As baseball organizations have fewer and fewer options to retain the organizational knowledge that a Major League player learned while playing, clubs have no choice but to turn to those scouts who bring the best baseball analysis. This does not mean that baseball analytics are the better approach. It definitely does not mean that one approach is right and one is wrong. What it means is that the game is changing, and that change is driven by the lifetime earning of current players.
Personally, I believe that baseball scouting has an integral role in the game. Knowing how players will react to situations, knowing which players can adjust to the game as it continues to evolve (such as with the more prominent role for shifts), knowing who can come through in clutch situations, and who can execute when called upon has an incredible role in the game. Understanding player chemistry and developing a team identity makes for championship clubs. I personally wish that more and more of today’s Major League players continued to scout and pass along the organizational knowledge that was given to them so as to make the game greater for all fans.
That’s not to say that baseball analytics are less important. They are very important to the game, as players who can’t overcome the shift have shown. But to truly make a championship club, in my opinion, a front office needs a healthy dose of baseball scouting by those who have the knowledge of Major League success to understand how players will continue to adapt as the baseball analytics cause the game to evolve.
The difference between baseball analysis can be summed up as the difference between intelligence and wisdom. If the baseball statistics are the “intelligence” of the game (they are the raw bits of information), then the organizational knowledge is the wisdom that scouts have to use the “intelligence” correctly. Sadly, this type of organizational knowledge is not something that can be easily taught or learned easily in any way other than by experiencing it at the Major League level.

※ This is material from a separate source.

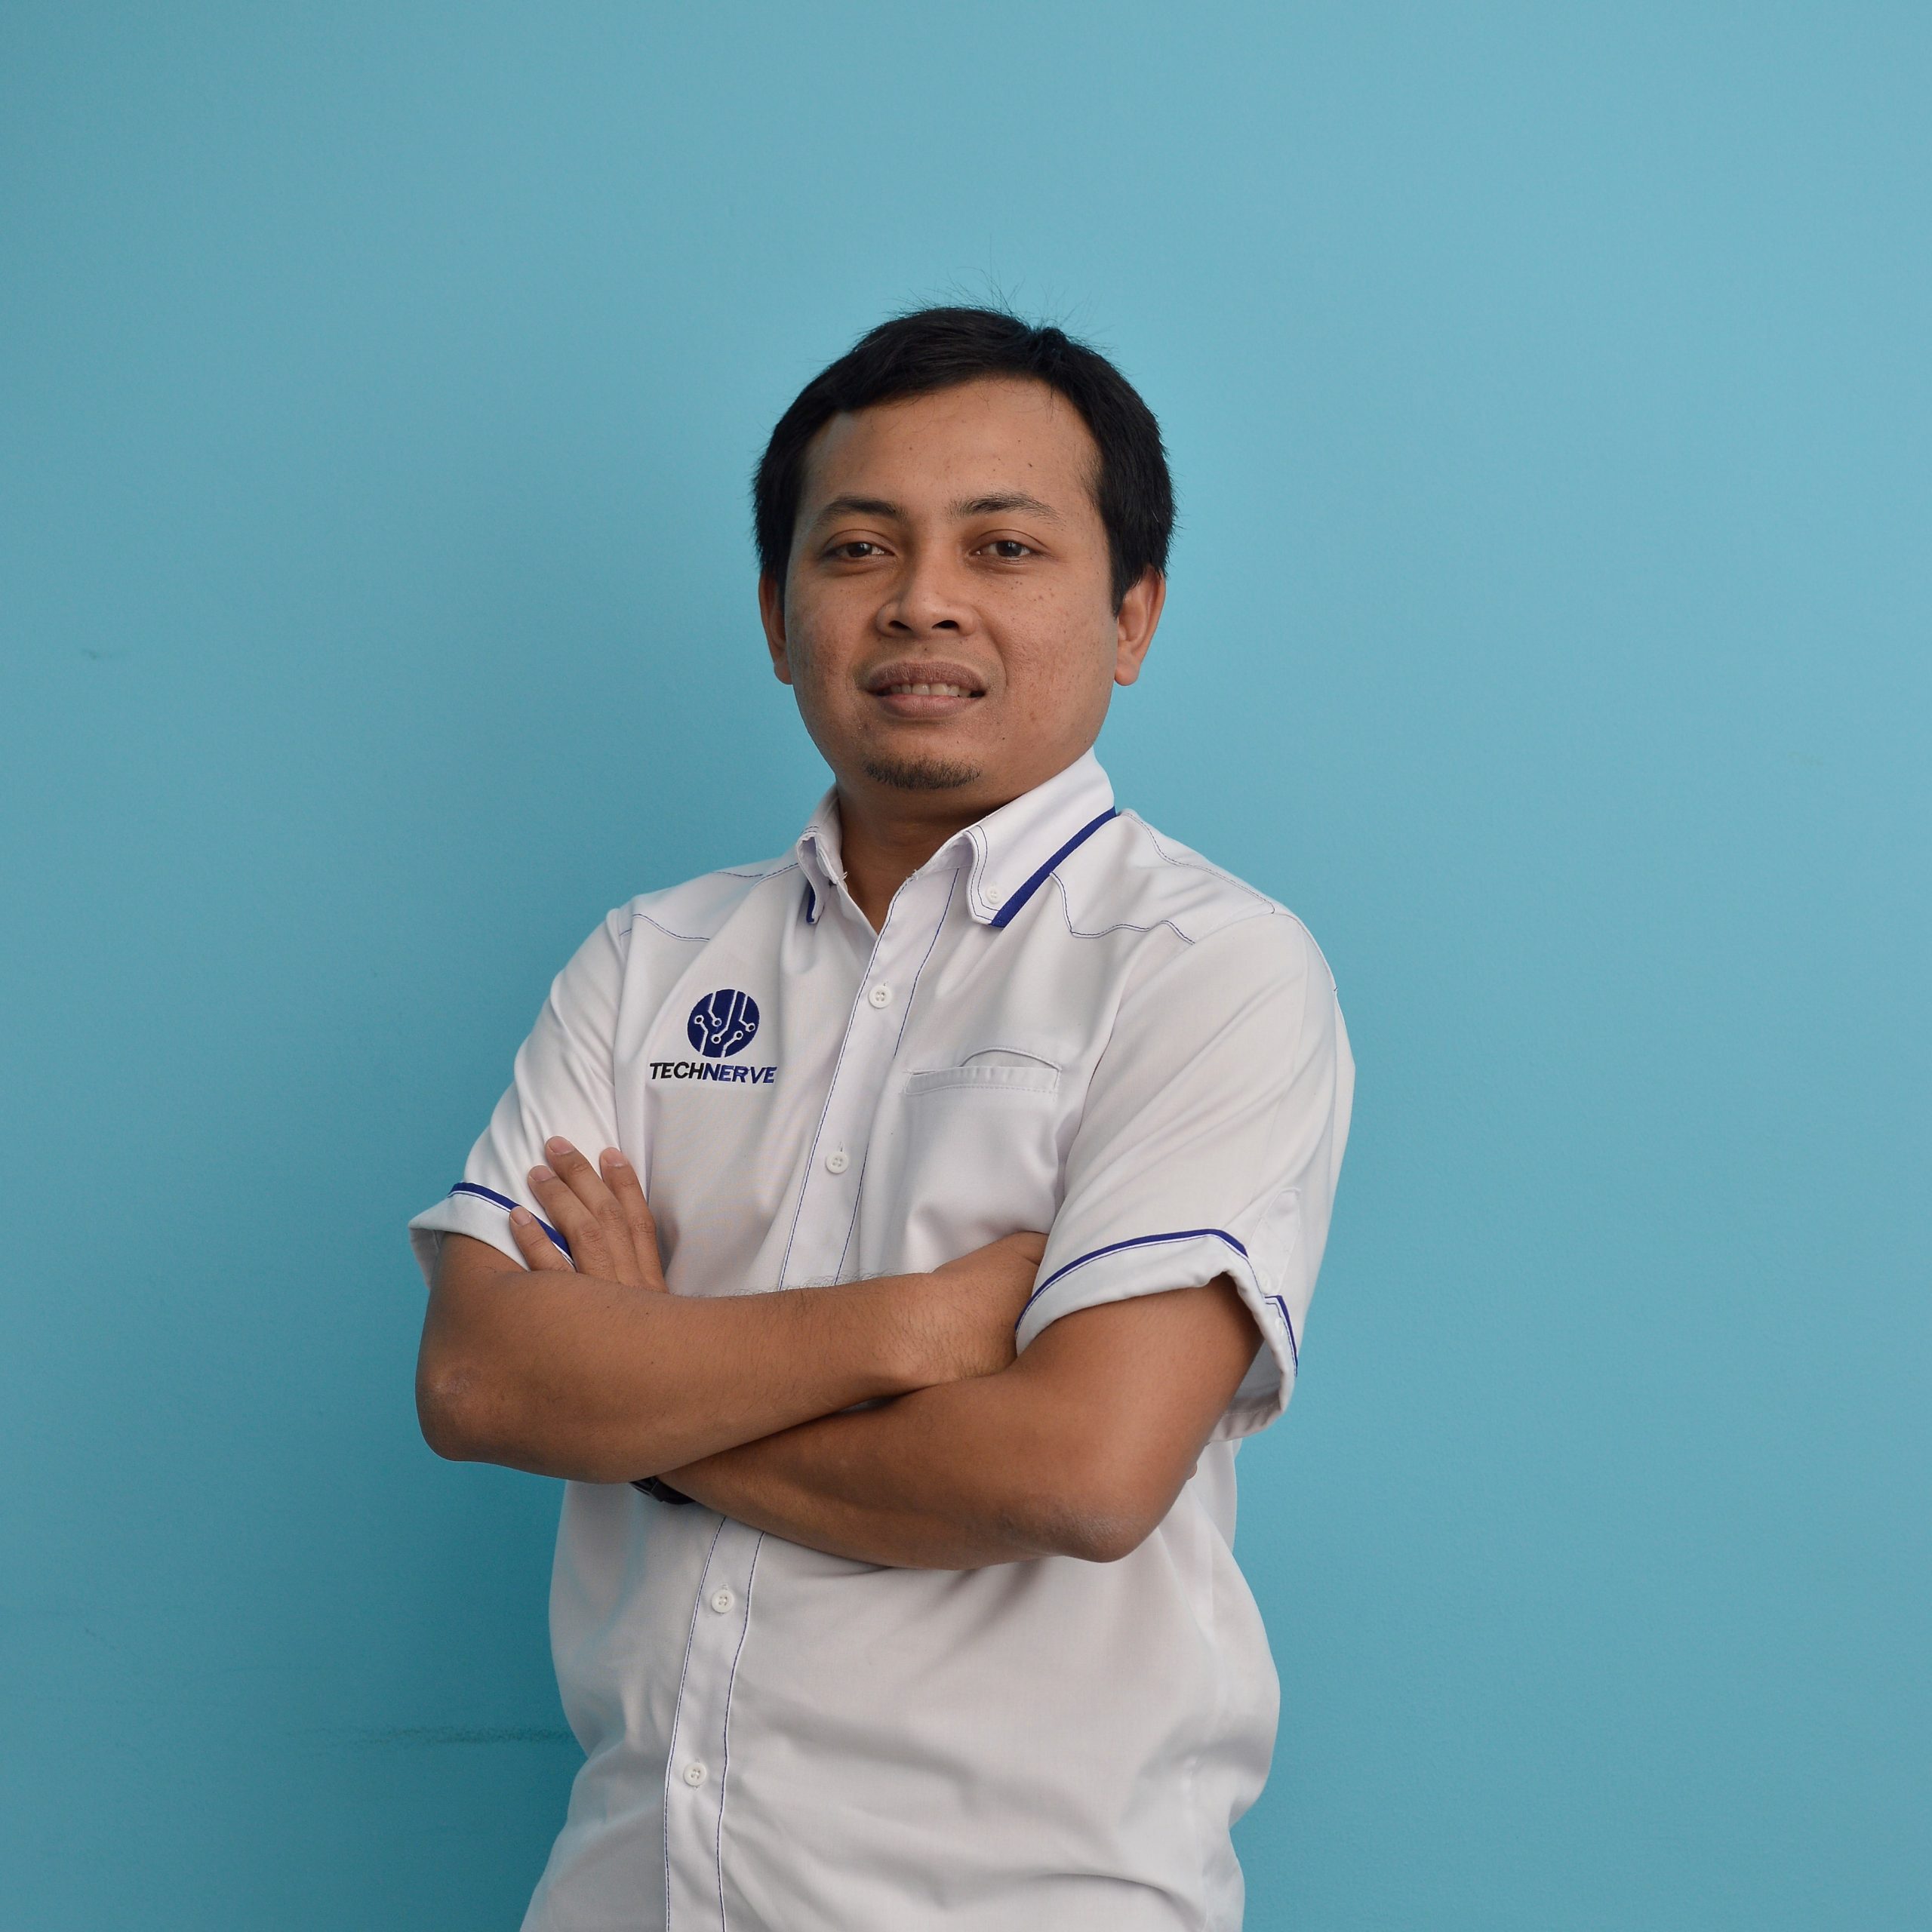 Mohd Rusman Arief A Rahman

One more thing: I want to make something clear. I have never met a scout, young or old, who doesn’t know or understand the statistical analysis of the game. Anyone who wants to argue that anyone in the game isn’t aware of and well versed in the numbers is making a foolish argument. They all do. The difference between traditional scouting and modern analysis is that one group focuses more on how those numbers came to be and another group tries to predict what those numbers will do in the future. This is also what makes scouting an art, and not a science. There is a science to scouting, but the best scouts know have mastered the artistry of the game.